Starting at the line that contains "Dolina Katmandu i rodzinny pokłon Najwyższej" and stopping at the line that contains "Christmas Workshop Font cover image.", transcribe every line of the material below exactly; pictures stay out.

RECORDS FOR THIS TASK:
== == ==

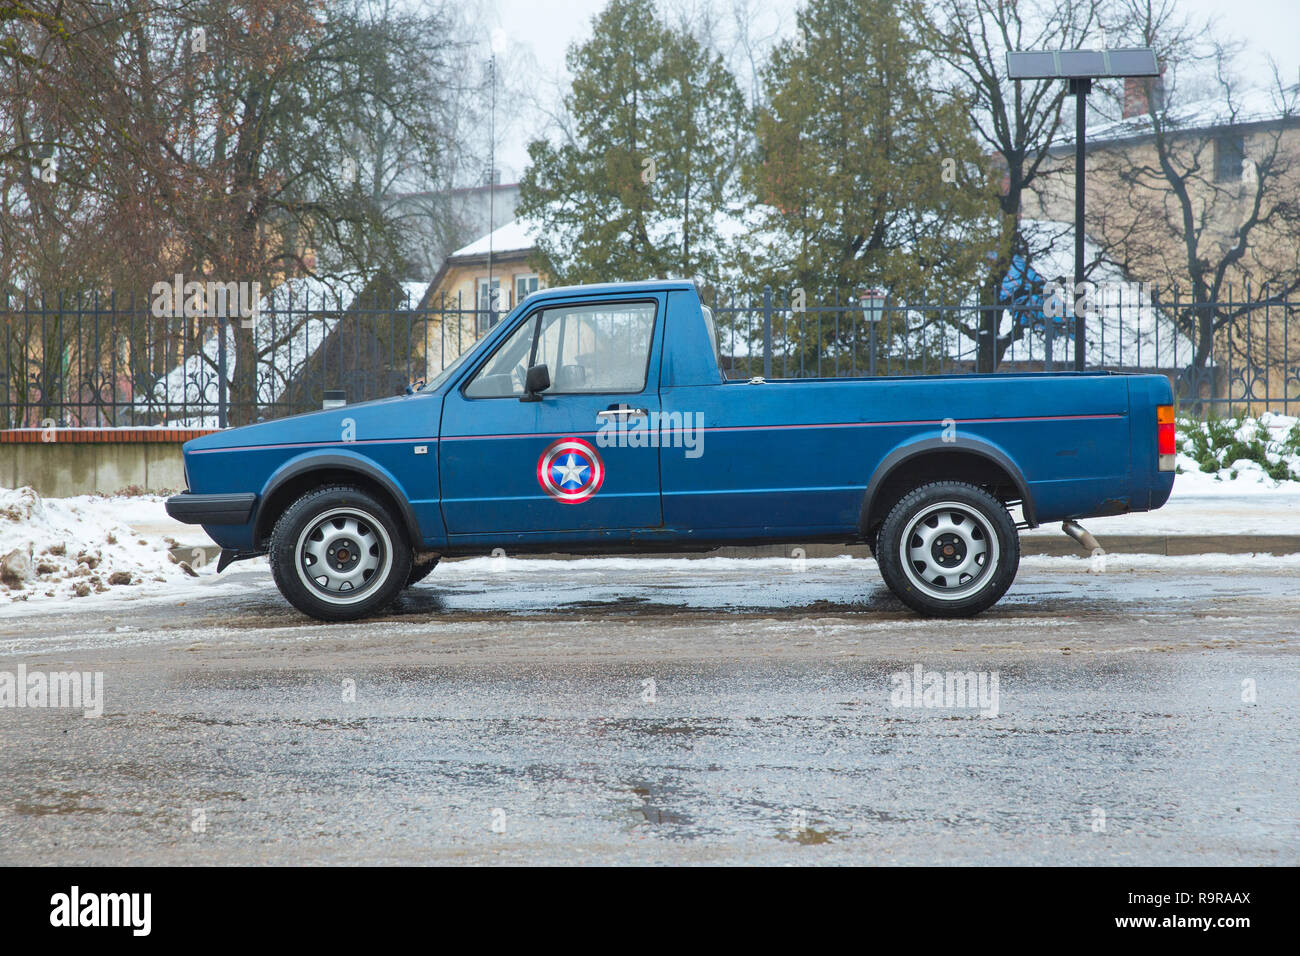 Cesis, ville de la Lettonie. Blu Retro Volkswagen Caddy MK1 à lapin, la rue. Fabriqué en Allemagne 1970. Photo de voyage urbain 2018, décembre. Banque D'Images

== == ==

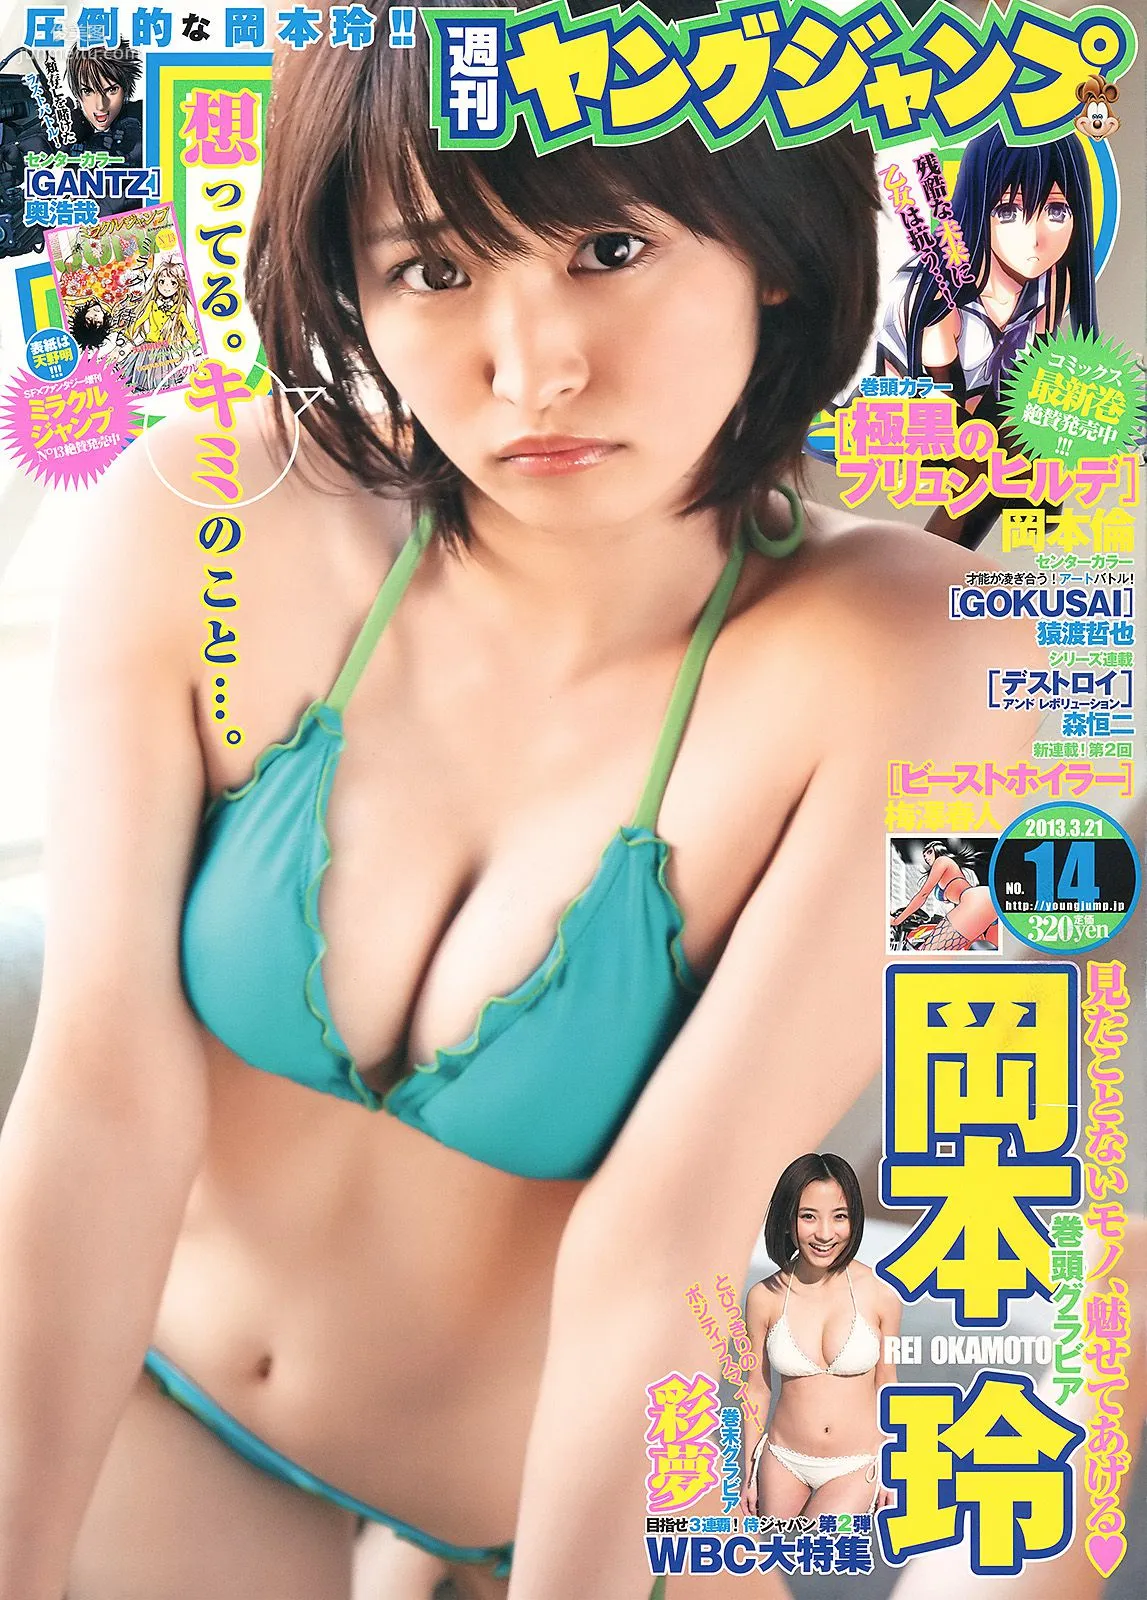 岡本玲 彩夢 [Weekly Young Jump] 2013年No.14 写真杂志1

== == ==

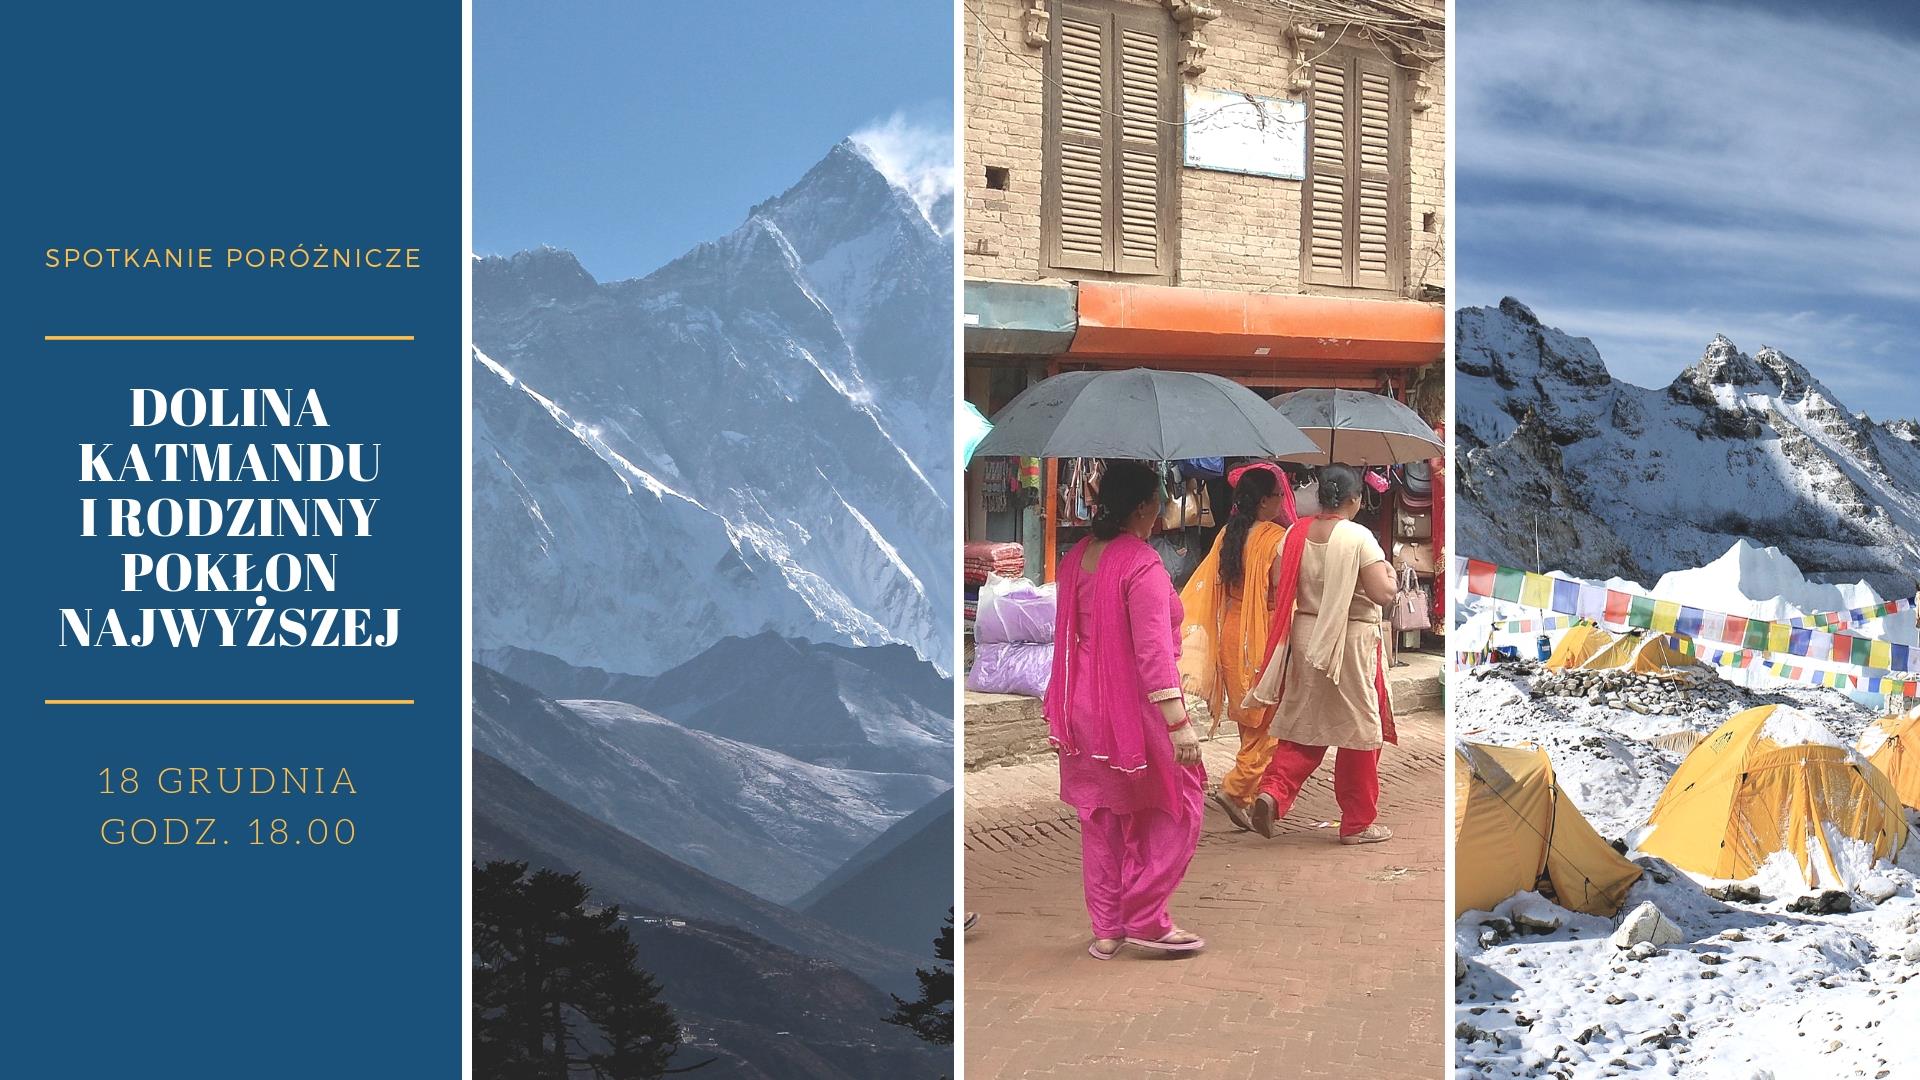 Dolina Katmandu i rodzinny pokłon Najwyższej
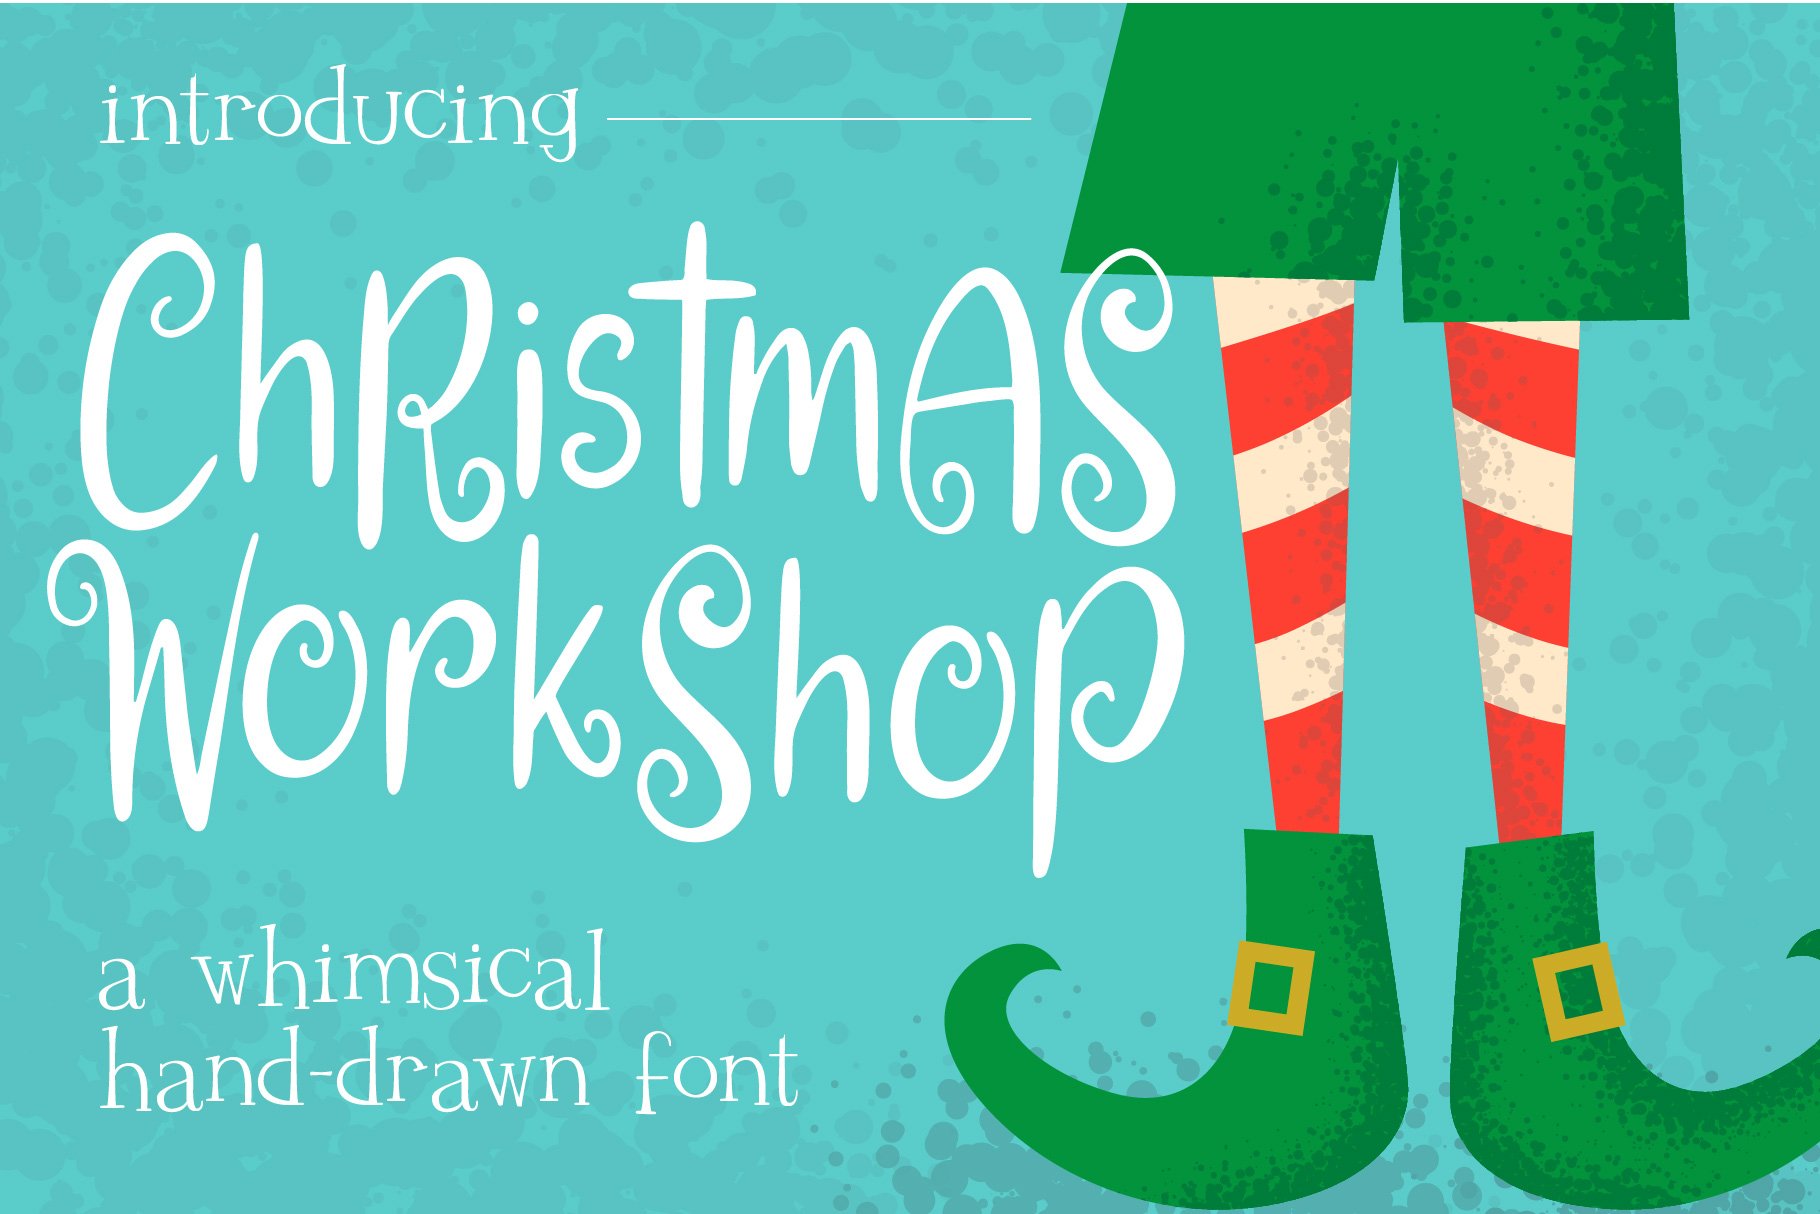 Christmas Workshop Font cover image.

== == ==

TASK RESPONSE:
 Dolina Katmandu i rodzinny pokłon Najwyższej
 Christmas Workshop Font cover image.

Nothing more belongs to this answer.